Subsequently, Bianchi worked as a director, producer and designer on numerous other DiC Entertainment, Saban Entertainment and SIP Animation television animation productions from the 1980s until the mid-2000s. His credits include Heathcliff (where he co-created the Cats and Company characters together with Jean Chalopin), Jayce and the Wheeled Warriors, M.A.S.K., Rainbow Brite, Diplodos (which he co-created and co-wrote with Jean Chalopin), Iznogoud, Princess Sissi and Gadget & the Gadgetinis (a spinoff of Inspector Gadget).

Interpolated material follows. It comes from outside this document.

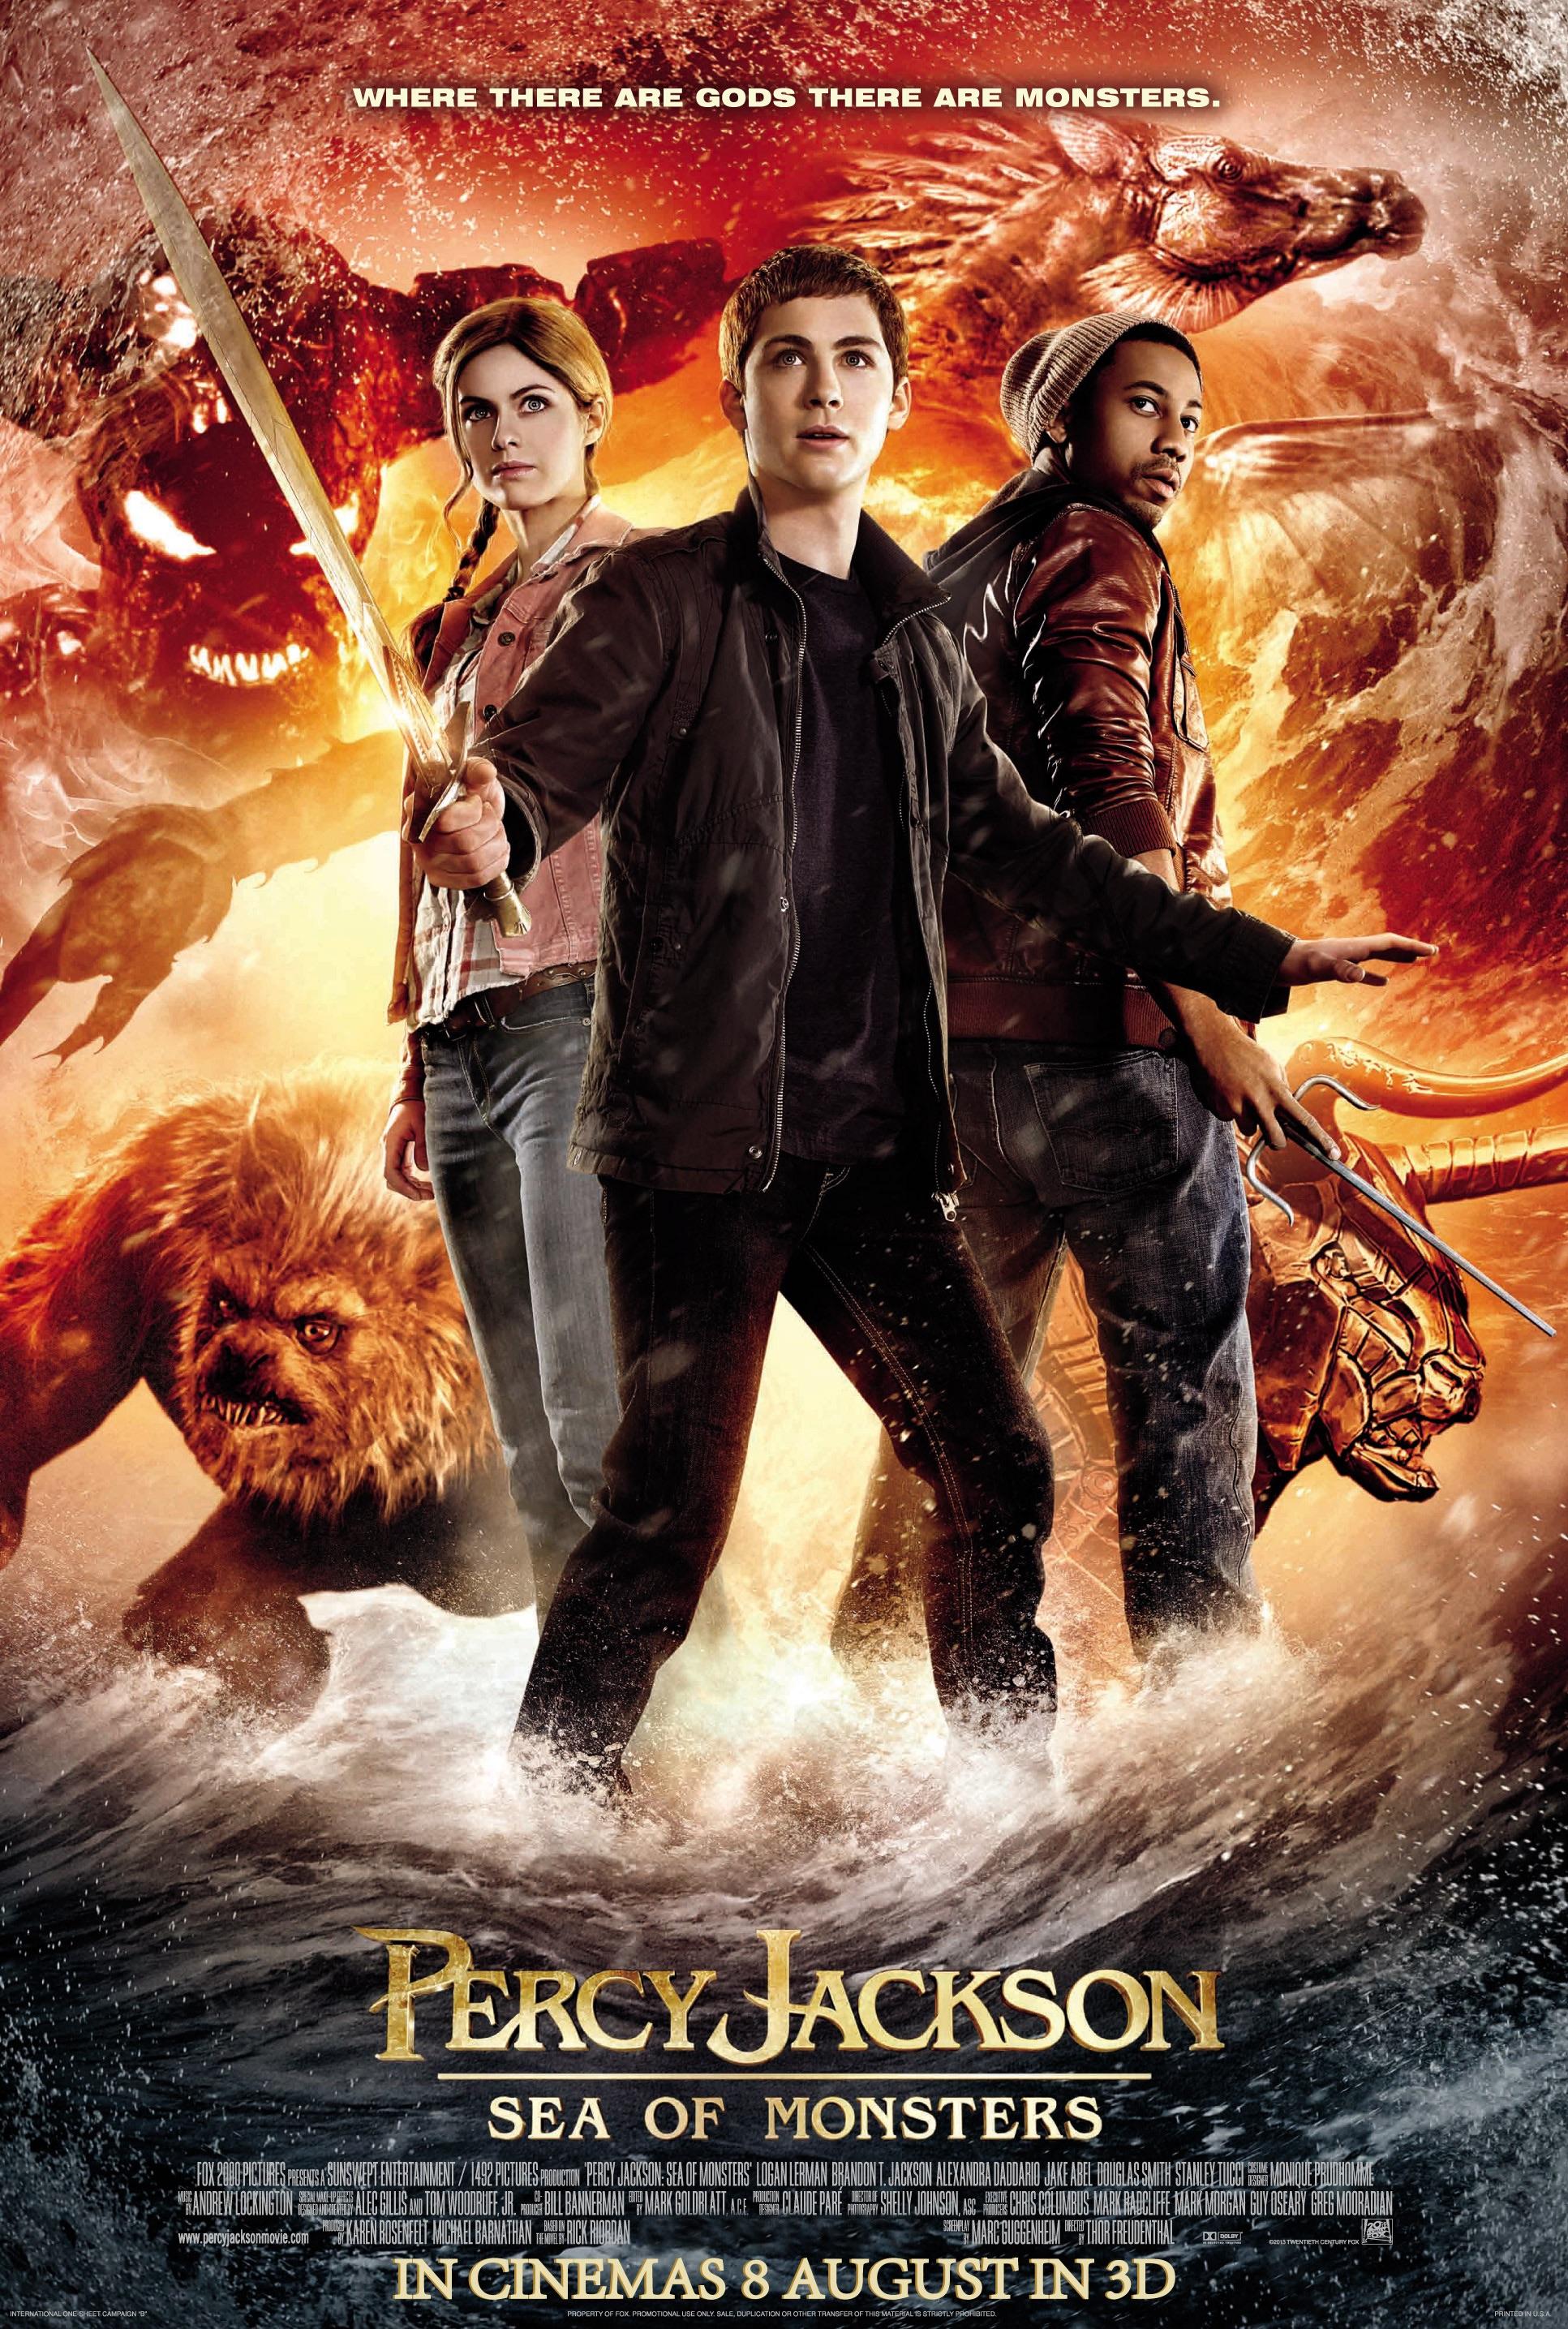 PERCY JACKSON Biển Quái Vật - Percy Jackson: Sea Of Monsters

In 2008, following the closure of SIP Animation, Bianchi founded his own studio, Ginkgo Animation. One of Ginkgo's projects had been George and Me (French title Georges et Moi), an adaptation of a 2006 Soleil Productions comic series that had first been picked up by SIP Animation as early as December 2007, and had been planned to start production at SIP at the beginning of 2009. However, by April 2011 this venture of Ginkgo's was considered unsuccessful due to changing priorities in the French animation industry, according to one of the authors of the original comics.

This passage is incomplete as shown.